In regards to bolded, if you're not educating the hospitalist, in a non-judgemental e-mail regarding the difference in presentation from what they thought, then they're 1) not going to know they are making a mistake at all, and 2) obviously won't become better. This is why I prefer to have medical oncologists be the de facto hospitalist for cancer patients, because even if they are admitted for non-cancer reasons, there's innate knowledge to not ignore things given the patient's history.

H/o cancer with new onset neurological symptoms at my institution? R/o mets Brain MRI is pretty reliably ordered if it hasn't been in at least some time. That might not be an immediate consideration for somebody who doesn't see cancer as the primary thing the patient has, but is just one of the 20 things in the PMH (H/o breast cancer).
 
It happens to the best of oncologists, even when we are trained in those intracacies. I remember a case of a patient with well-controlled LS-SCLC who developed singular relatively large brain met with significant edema, asymptomatic, referred for SRS, by the thoracic medical oncologist. Sent it to NSG given the presentation (SCLC with single brain met?), who did surgery showing GBM..

Reminds of a case I just had, Nasopharynx case with a solitary cerebellar mass/met read on MRI. Med onc mentioned SRS, but my knee jerk reaction was a neurosurgical consult. The pt was diagnosed with a Grade 2 ependymoma in the 4th ventricle s/p GTR. MRI workup negative in the spine. Now i have to figure out how to deal with both at the same time :)

. This is why I prefer to have medical oncologists be the de facto hospitalist for cancer patients, because even if they are admitted for non-cancer reasons, there's innate knowledge to not ignore things given the patient's history.

And most med oncs would rather be consultants like we are in the hospital, which is pretty much what happens in most places these days (at least in the community, haven't heard of med oncs admitting their own patients in years).
 
Reminds of a case I just had, Nasopharynx case with a solitary cerebellar mass/met read on MRI. Med onc mentioned SRS, but my knee jerk reaction was a neurosurgical consult. The pt was diagnosed with a Grade 2 ependymoma in the 4th ventricle s/p GTR. MRI workup negative in the spine. Now i have to figure out how to deal with both at the same time :)
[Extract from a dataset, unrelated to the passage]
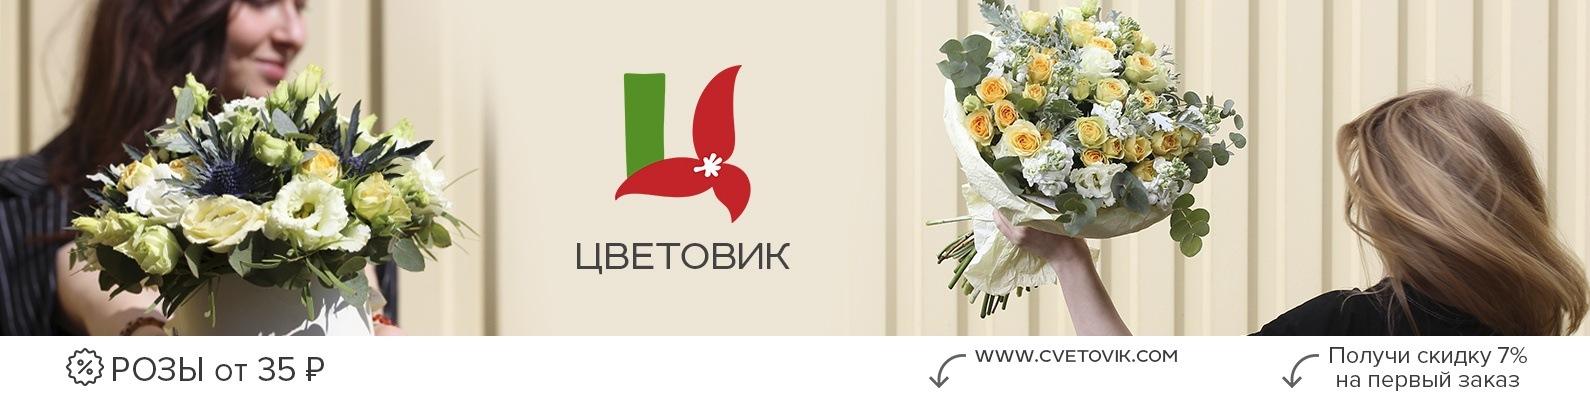 Брянске, доставка цветов спб и москва рейтинг

And most med oncs would rather be consultants like we are in the hospital, which is pretty much what happens in most places these days (at least in the community, haven't heard of med oncs admitting their own patients in years).
Our medoncs in our private practice see our own patients in the hospital.
 
Lets not pat ourselves in the back here too much. One of the most dangerous things in medicine, in any specialty, is people who do not know what they do not know and they have an ego big enough to do something they don't have knowledge to really do. I've seen radiation oncologists completely mismanage very basic medical issues. You can become and excellent doctor or a terrible doctor regardless of specialty.